LOUISVILLE, Ky. — This blog will be updated daily with the latest information on COVID-19 in Kentucky. You can also see the newest stories in our Coronavirus section.
Sunday, March 22
A list sent from the governor’s office shows gives an idea of what retail must close by 8 p.m. Monday.
Governor Andy Beshear says the state is now up to 103 cases statewide.
So far, Beshear says 2,000 tests have been administered and the average age of a coronavirus patient is 53.3.
The Kentucky coronavirus hotline has received more than 22,800 calls; averaging about 2,400 daily.
Monday, the governor says non-essential retail businesses are expected to close at 8 p.m. These businesses include clothing/shoe stores, bookstores, auto dealerships, florists.
Liquor stores can also remain open only with curbside and delivery.
They do not include pharmacies, drug stores, grocery stores, gas stations and auto repair shops.
“It’s going to take this type of sacrifice and continuing to take more steps each day or every other day to do what we need to do,” he said.
He says “shelter in place” will not be how Kentucky handles the virus, instead preferring to use the term “healthy at home.”
In another new update, Gov. Beshear has now mandated starting Monday, March 23, all medical facilities must stop elective procedures.
“The vast majority of providers have done it voluntarily and are truly making plans, are absolutely on Team Kentucky but whether it’s a group of chiropractors that have been exceedingly difficult or others that think they are the exception, it’s now requiring us to turn it into a mandate,” Beshear said.

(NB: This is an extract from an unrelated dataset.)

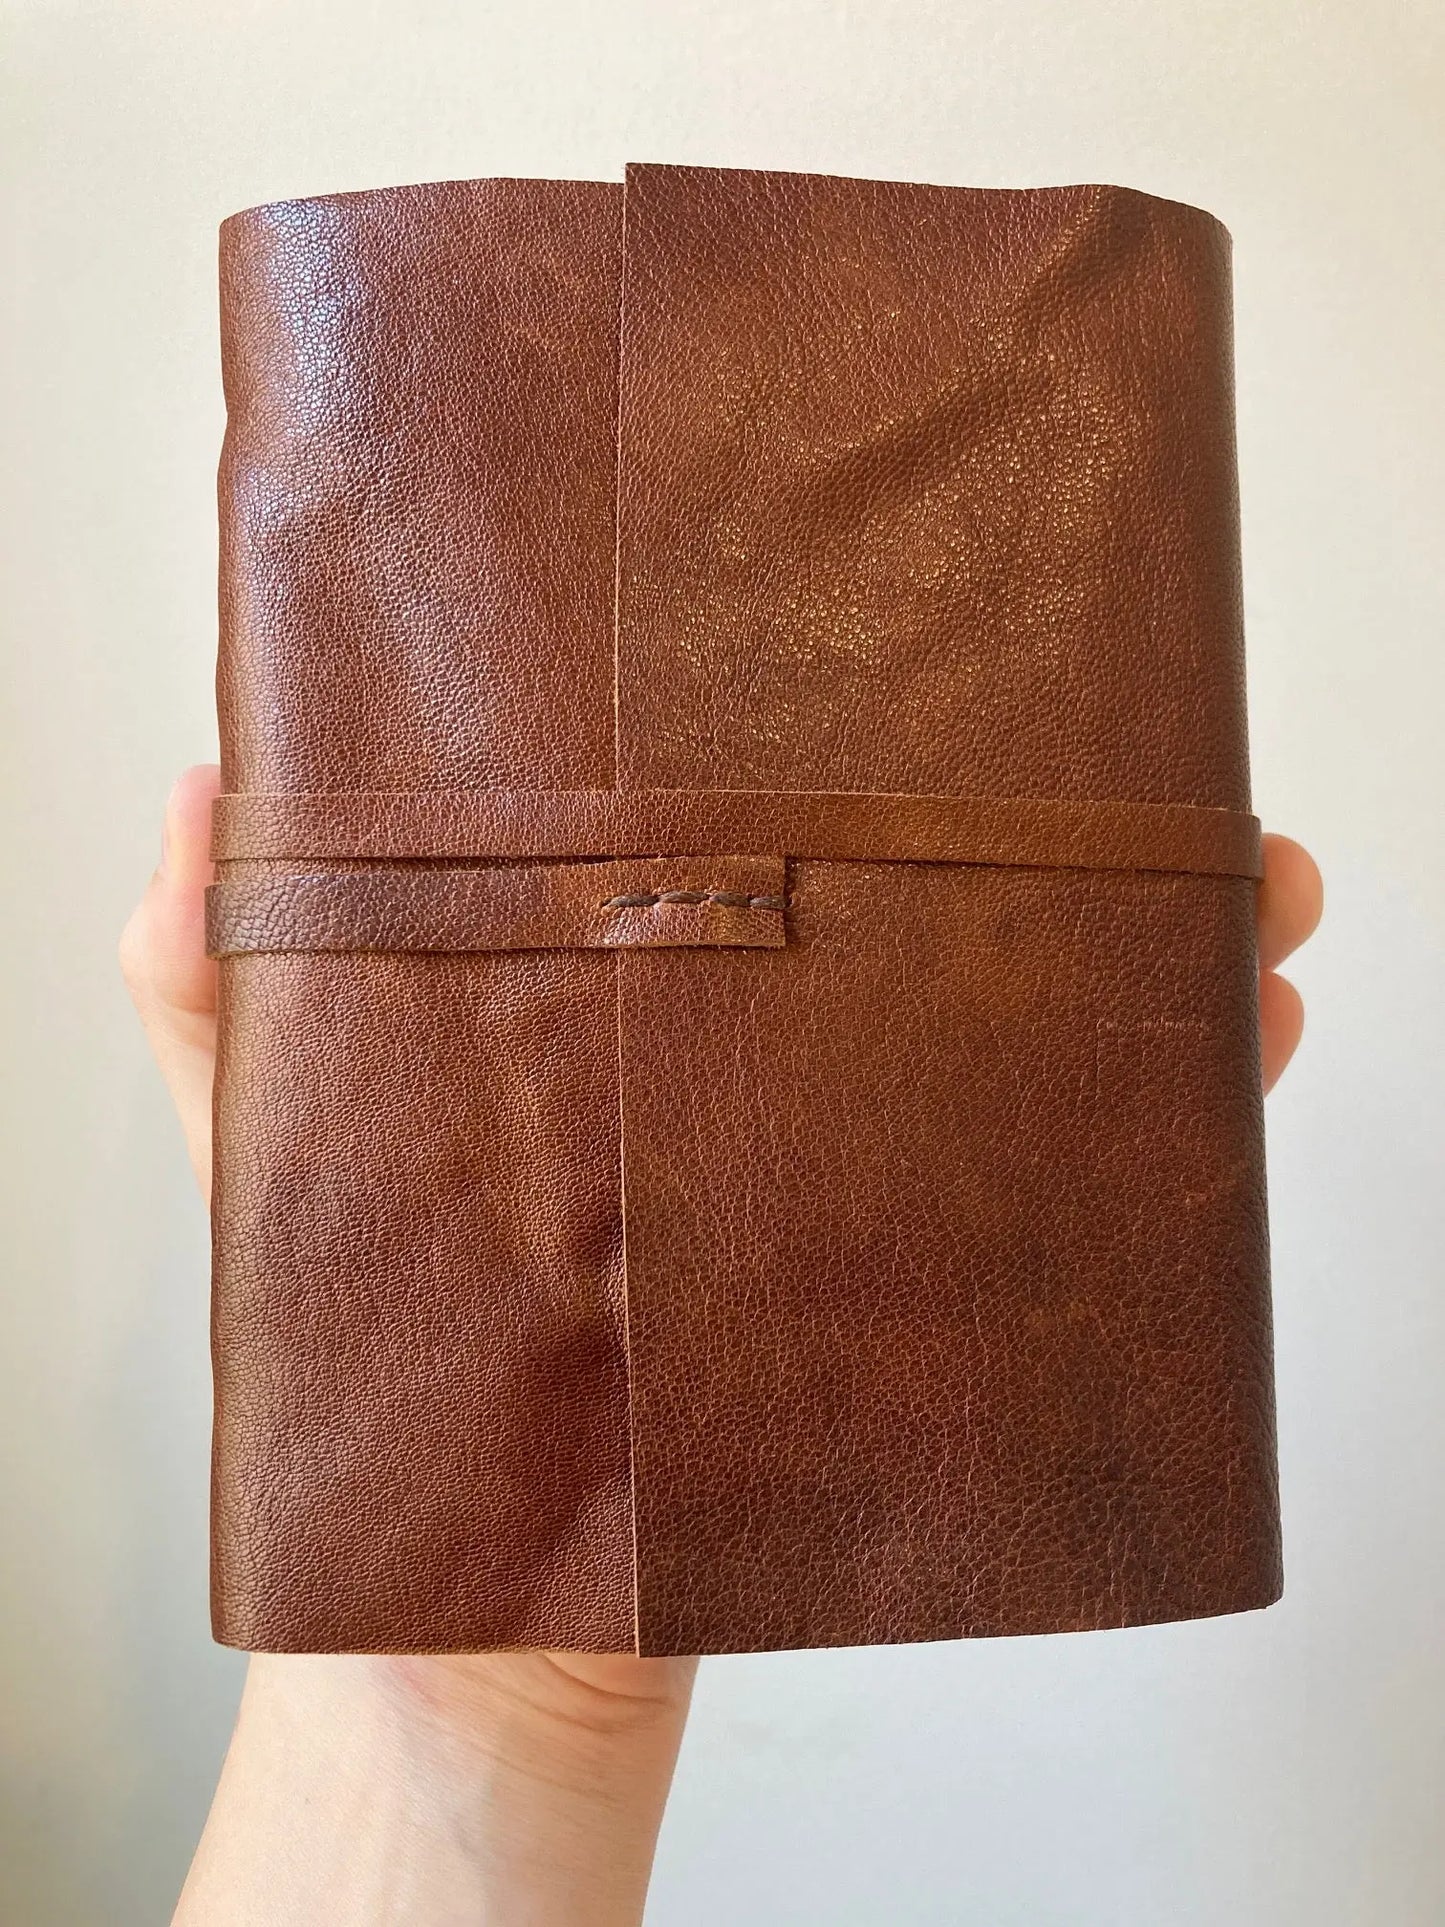 Auburn Brown Leather Journal - Diamond Binding Style Thrive Handmade Scrap Leather Journals Handmade in Philadelphia
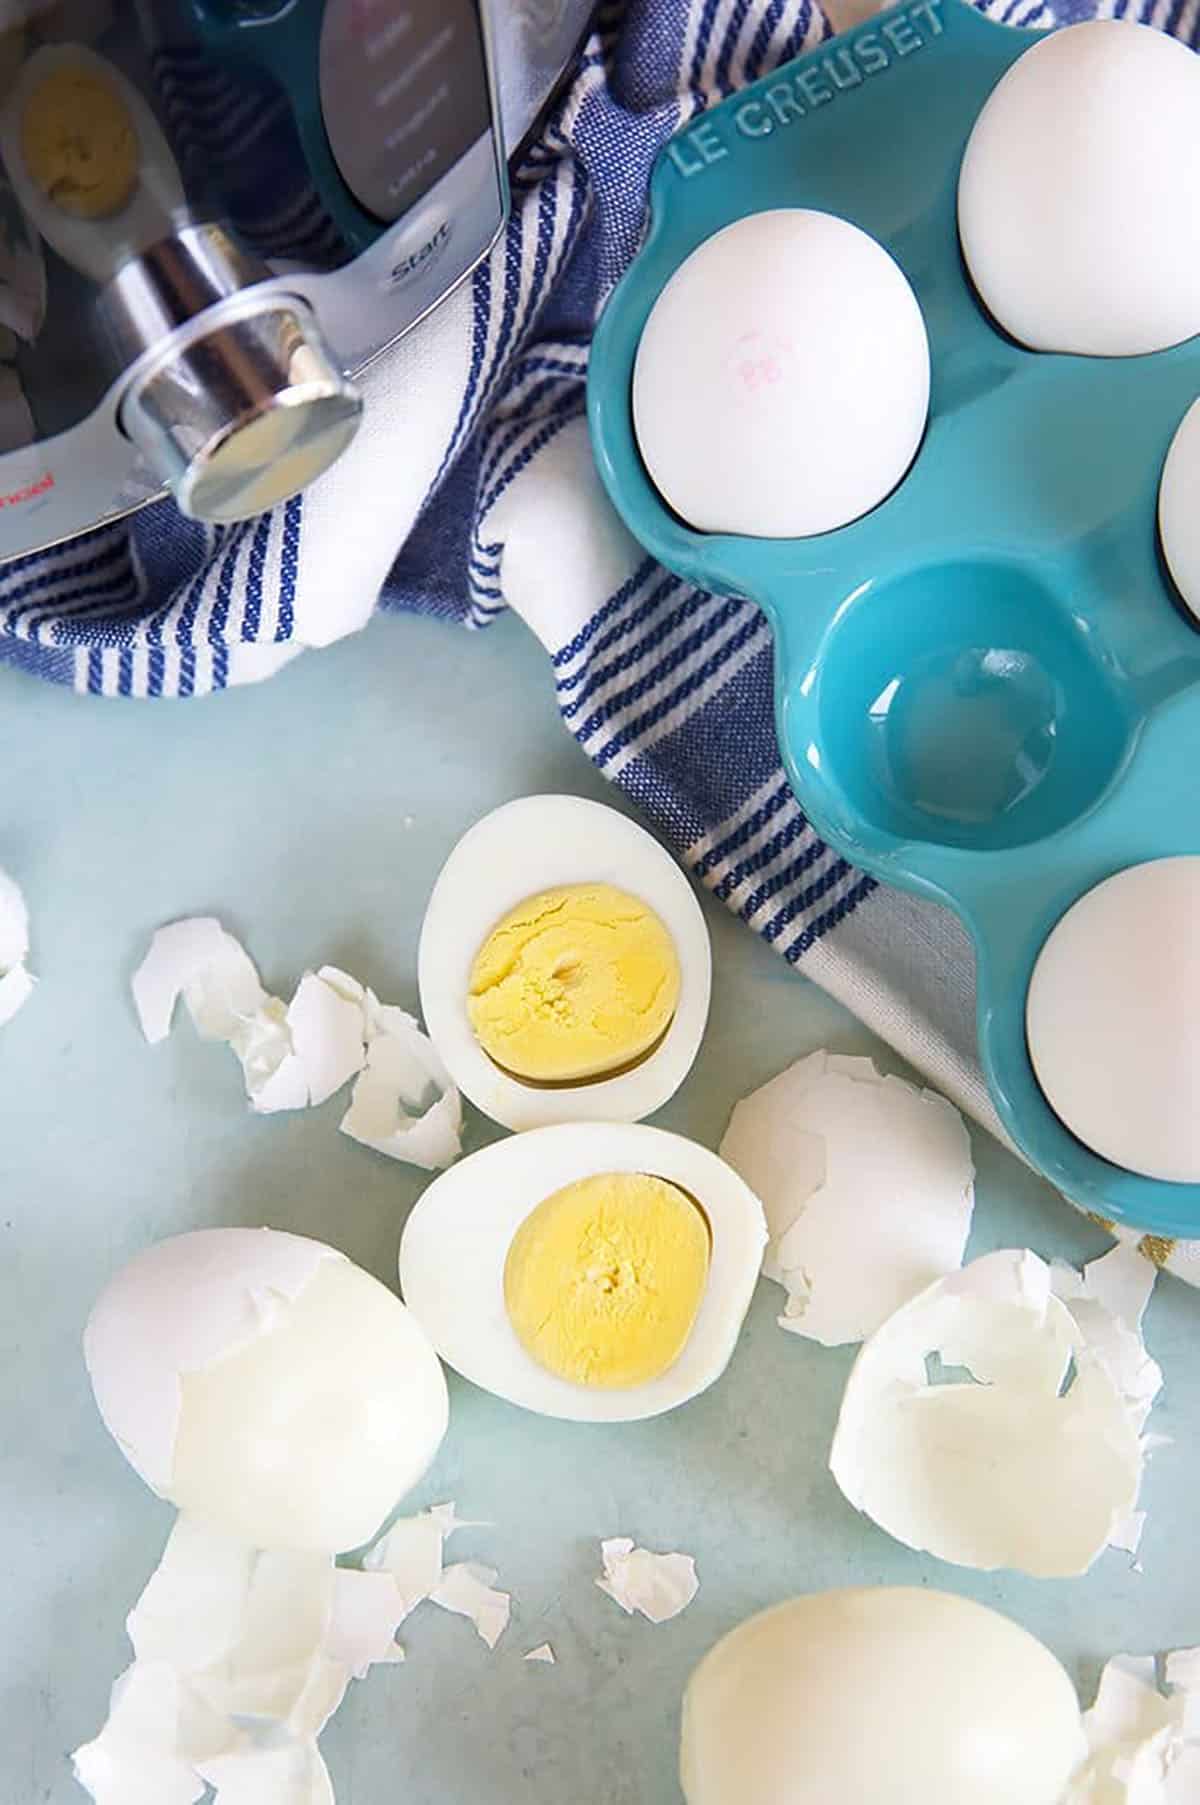 Healthy Egg Bites Recipe : My Crazy Good Life

The governor also said two new labs have begun testing for the virus, including one at the University of Kentucky and a private lab.
Mayor Fischer says 28 of the 99 cases of COVID-19 are in Jefferson County, including the fatality.
The mayor says the Louisville Metro Revenue Commission will extend its annual occupational license tax filing.
The April 15 deadline has now been moved to July 15.
Metro 3-1-1 will take calls beginning Monday about businesses not complying with the governor’s orders to close to flatten the curve. Mayor Fischer says if you see large gatherings, they will send proper enforcement and take more restrictive measures to stop the disease.
“Our number one job is to protect life and citizens in this city,” Fischer said. “And if necessary we will shut the businesses down. So please do the right thing today so you’re not going to have a bigger problem tomorrow when you don’t have to get the government involved with enforcing this.”
The Big Four Bridge will be lit up Sunday as a sign of compassion.
Fischer is urging Louisvillians to fly the American flag as a way to show this country will get through this.
Kentucky Senator Rand Paul has tested positive for COVID-19. The Senator made the announcement via Twitter.
In the tweet, it says Paul is feeling fine and is in quarantine. He is asymptomatic and was tested out of an abundance of caution due to his extensive travel and events.
Masonic Home Louisville has confirmed that a former patient at the daily living campus has tested positive for coronavirus.
The patient was living at the Sam Swope Care Center in the Crescent Hill neighborhood.
According to Masonic Home Louisville, the patient was in continuous isolation while receiving care and all isolation protocols were applied. They say they were notified by a local hospital about the former patient’s diagnosis.
The Kentucky government website for COVID-19 reported 12 new cases bringing the total to 99.